# clicker training, strange dogs.



## King&Skylar (Jun 3, 2010)

Skylar is being clicker trained, started in obedience. She responds so well to it, but I have issues figuring out what behaviour i'm supposed to mark, I know it's good behaviour but i'm horrible with figuring out when that is. 
So, She has started to get really protective of me when on walks, when strangers pass and especially other dogs. She's fine at obedience, day care, etc with other dogs, its just on walks- she growls, barks and pulls at them. I'd like to use her clicker when this happens, but when should i click/treat? We usually go into sit/stay but she still lunges when they pass. I think she'd learn faster if I use the clicker.
People always want to bring their dogs to her, because she looks nice and walks nicely, etc so if they see us a ways down the trail they think she'll be nice to their dogs, which isn't always true, she's not aggressive, but she is over protective. I tell them she's being trained so please don't come over, just walk by, but they still come over so i've had to say she's aggressive just to get them to take me seriously,  and I hate doing it because she's not.
She has been socialized a lot but this is a new behaviour and i want to catch it and correct it.
SO, when should I click? And she's 5 1/2 months, is that one of the "fear stages"? 
I just need like step by step instructions on how to handle this.

thanks!


----------



## GSD Fan (Sep 20, 2010)

When using a clicker, you "click" a few seconds after the desire behavior. You want to click and treat as soon as the dog does the desired behavior. 

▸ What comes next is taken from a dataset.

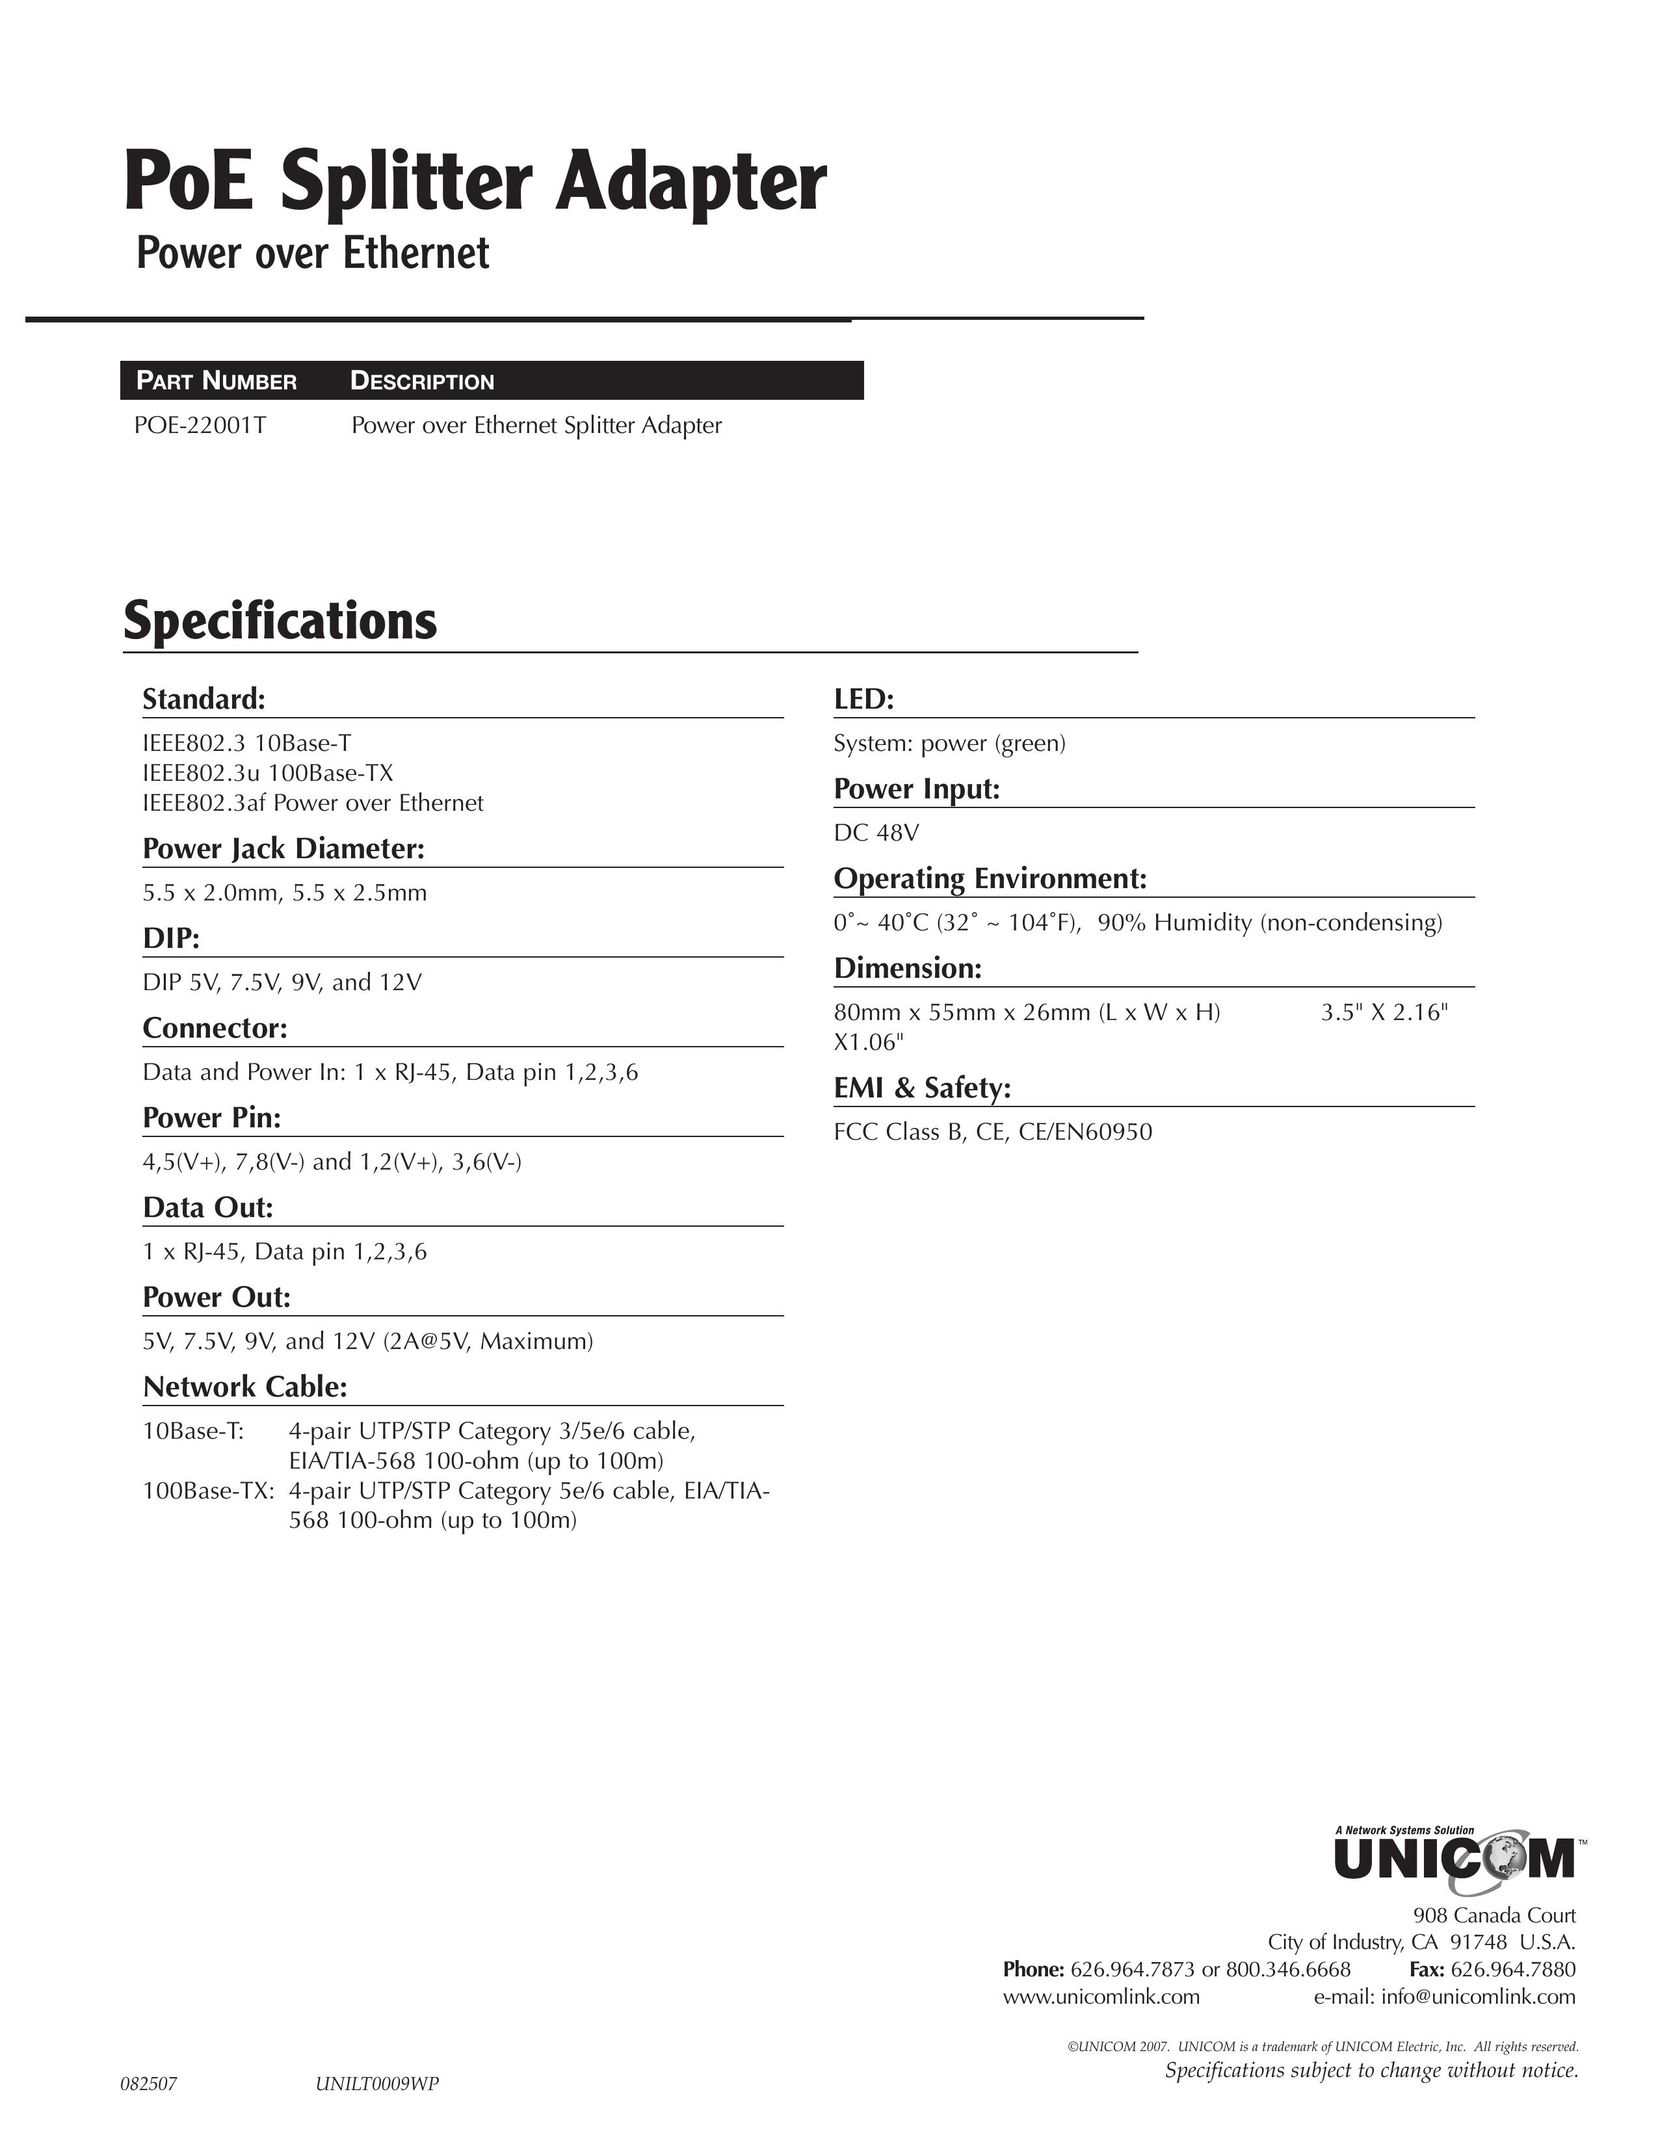 UNICOM Electric POE-22001T Network Card User Manual

I can tell you how to use the clicker, but I don't yet know how to get the desired behavior of walking by another dog without lunging.


----------



## gsdraven (Jul 8, 2009)

She's not being protective... at least not of you. She's scared and "protecting" herself by acting mean to make the scary things go away. 

I don't clicker train so I can't give you step by step instructions. The most advice I can offer is that she gets clicked/treated/praised when she sees the other dogs/people and remains calm.


----------



## King&Skylar (Jun 3, 2010)

Do you think it's like an insecurity thing? like she's insecure or something?
I can see her being like that, but i didn't think she'd growl because of it, any ideas on how i could make her more confident? do you think that would help? Im willing to try anything and everything.


----------



## hmmiller05 (Mar 1, 2010)

Clicker training will increase her confidence! My puppy is fearfully reactive around other dogs and basically what I have been doing to starting a good distance away from other dogs and working my way closer to them, meanwhile click/treating for desirable behavior (ie looking at the dog without reacting, etc). If she reacts, I move back to a distance that she was successful at and then start to work my way closer, again. 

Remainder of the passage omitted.